- Born: February 20, 1969 (age 57) Schenectady, New York
- Education: Princeton University, BA, 1990 Emory University School of Medicine, MD, 1996 Columbia University Mailman School of Public Health, MPH, 2001
- Scientific career
- Fields: Internal Medicine
- Workplaces: Emory University School of Medicine University of Pennsylvania Morehouse School of Medicine

= David Malebranche =

American physician

David J. Malebranche (born February 20, 1969) is an American internal medicine physician, researcher, and public health advocate who specializes in HIV/AIDS prevention and treatment.

==Early life and education==
Malebranche was born in Schenectady, New York to Roger and Donna Malebranche. He is a first-generation Haitian-American and his mother is European-American. His father, a surgeon, was born in Anse-à-Veau, Haiti and came to the United States in 1961.

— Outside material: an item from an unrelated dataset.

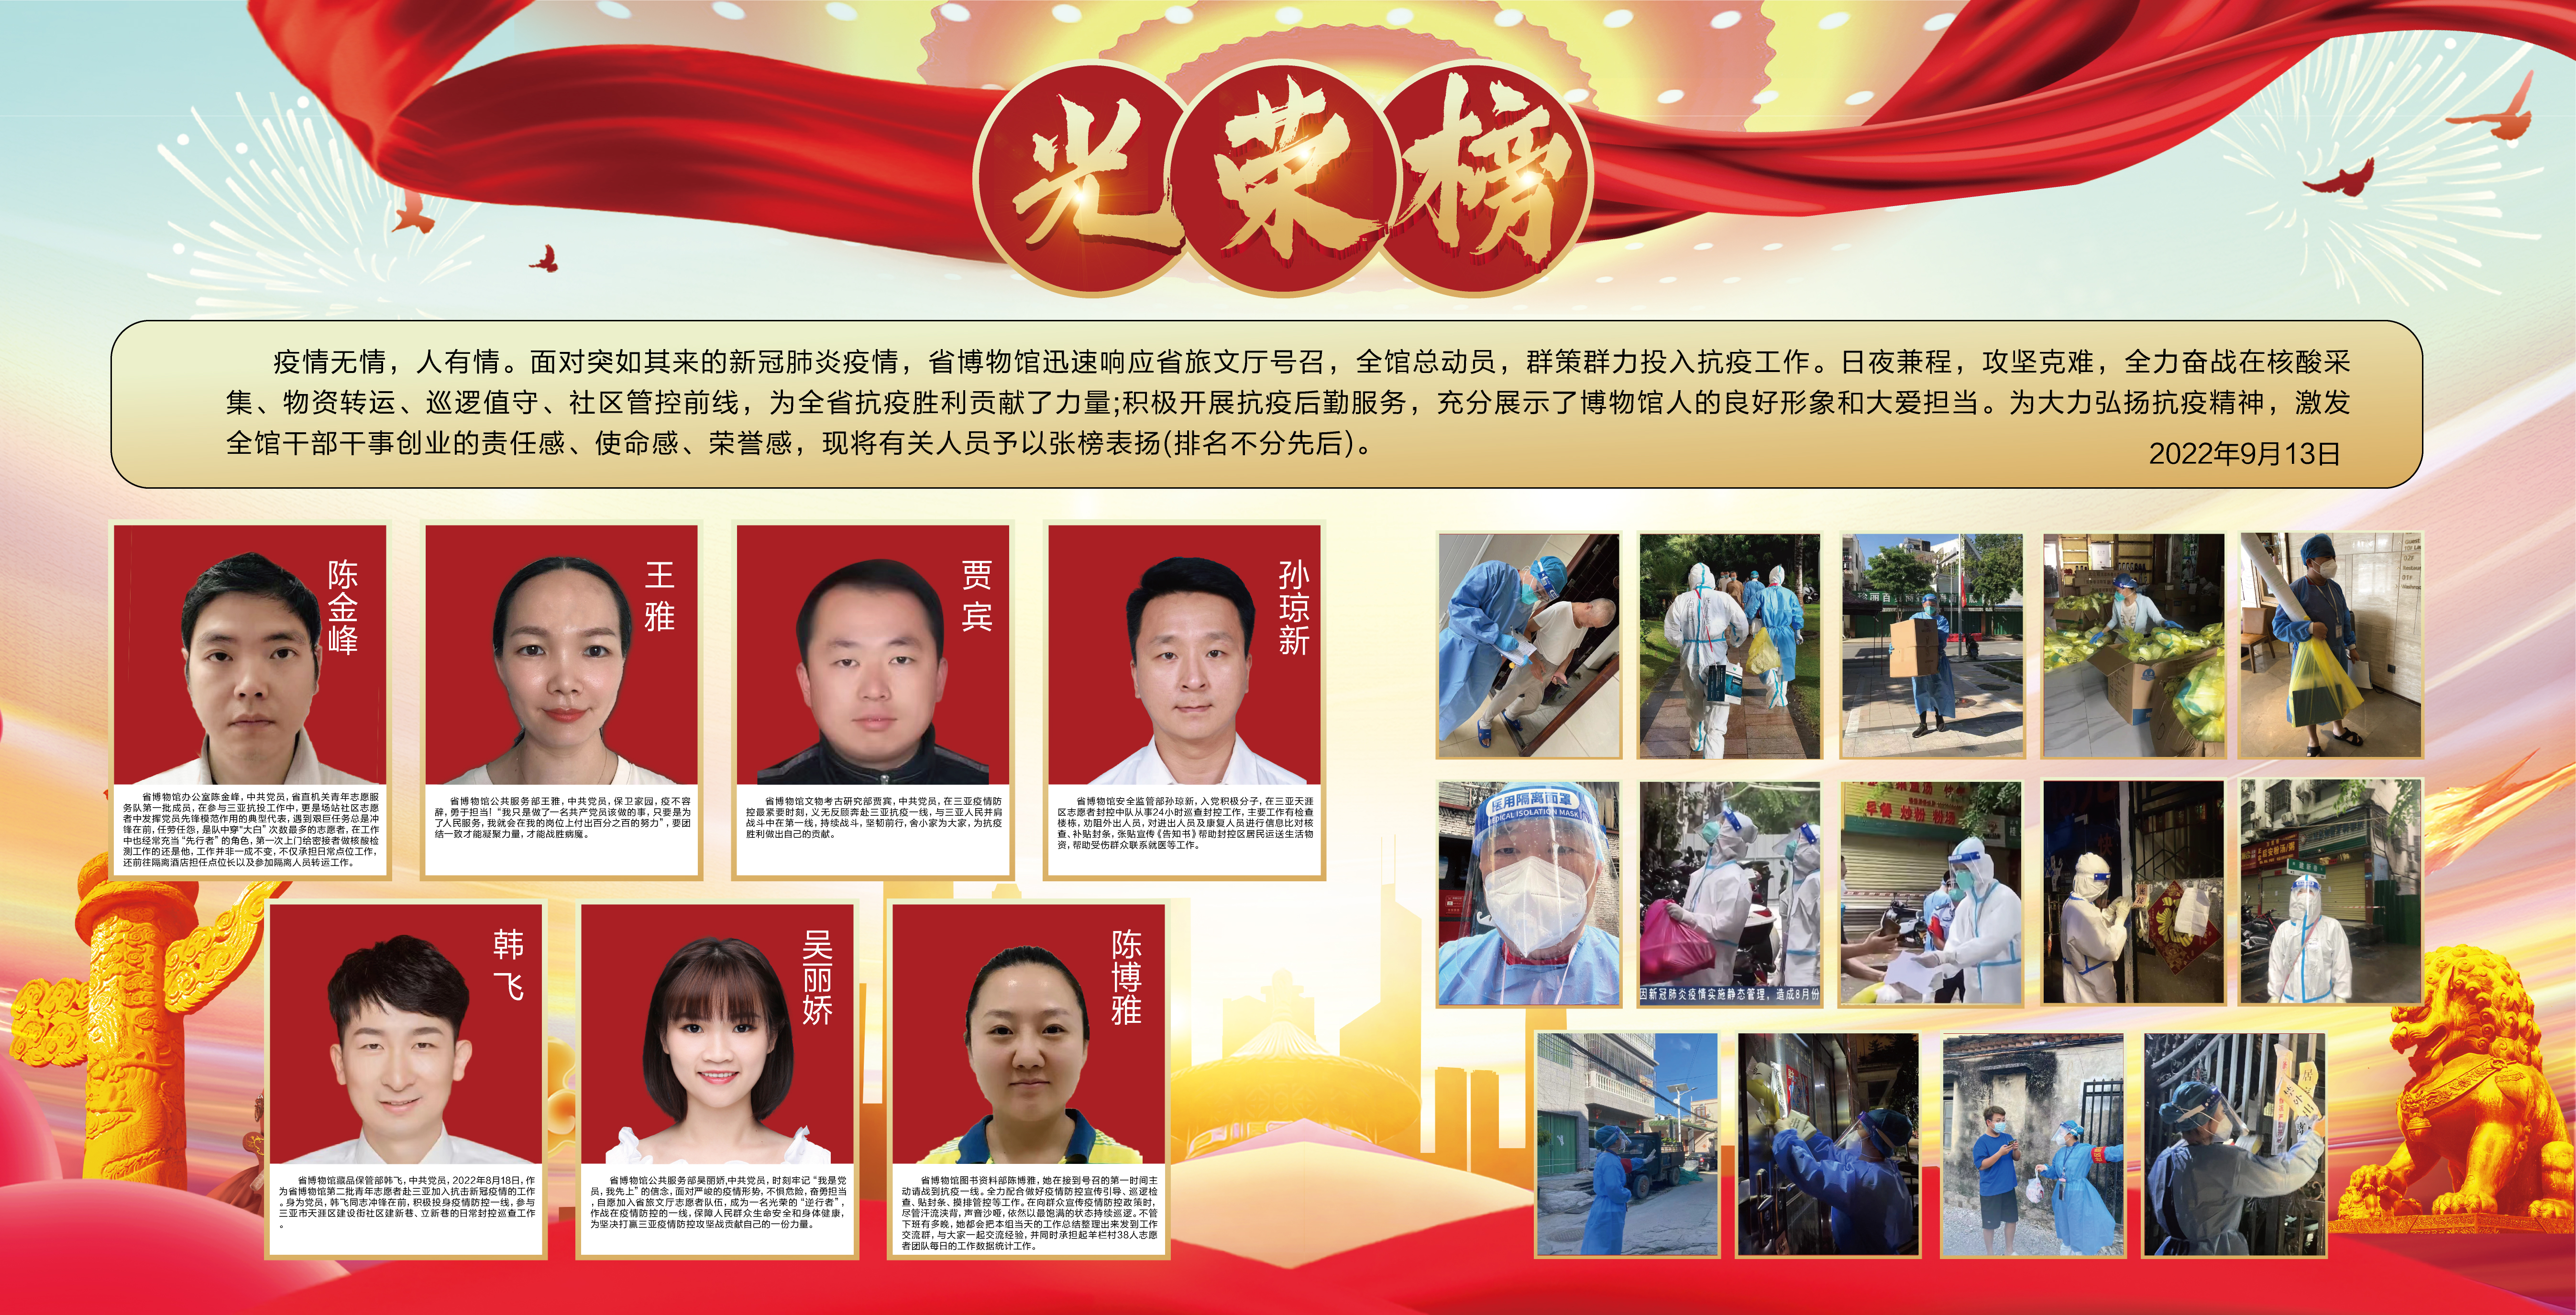 海博咨讯│海南省博物馆对7名参与抗疫志愿工作人员予以张榜表扬

Malebranche received a bachelor's degree in English from Princeton University in 1990 and a medical degree from Emory University School of Medicine in 1996. He completed residencies at New York-Presbyterian Hospital and at the New York City Department of Health and Mental Hygiene, during which time he earned a master's degree from Columbia University Mailman School of Public Health.

==Career==
In 2001, Malebranche was appointed to the faculty of Emory University School of Medicine, where he served as an associate professor in the Department of Medicine until 2012. From 2012 to 2015, he was a primary care physician for the University of Pennsylvania Student Health Center in Philadelphia, Pennsylvania. He returned to Georgia in 2015 to work for WellStar Health System as the infirmary physician for the Cobb County Adult Detention Center in Marietta, Georgia. In 2017, he joined the faculty of Morehouse School of Medicine in Atlanta as an associate professor of medicine and medical director of student and employee health.

Malebranche has published articles in medical and public health journals on the topic of HIV in the Black community, an area of expertise which he has discussed in documentaries, news interviews, speeches, and educational programming. He contributed an essay to Family Affair: What It Means To Be African American Today, a 2009 anthology edited by Gil Robertson IV. In 2015, he published Standing on His Shoulders, a memoir about life lessons he learned from his father.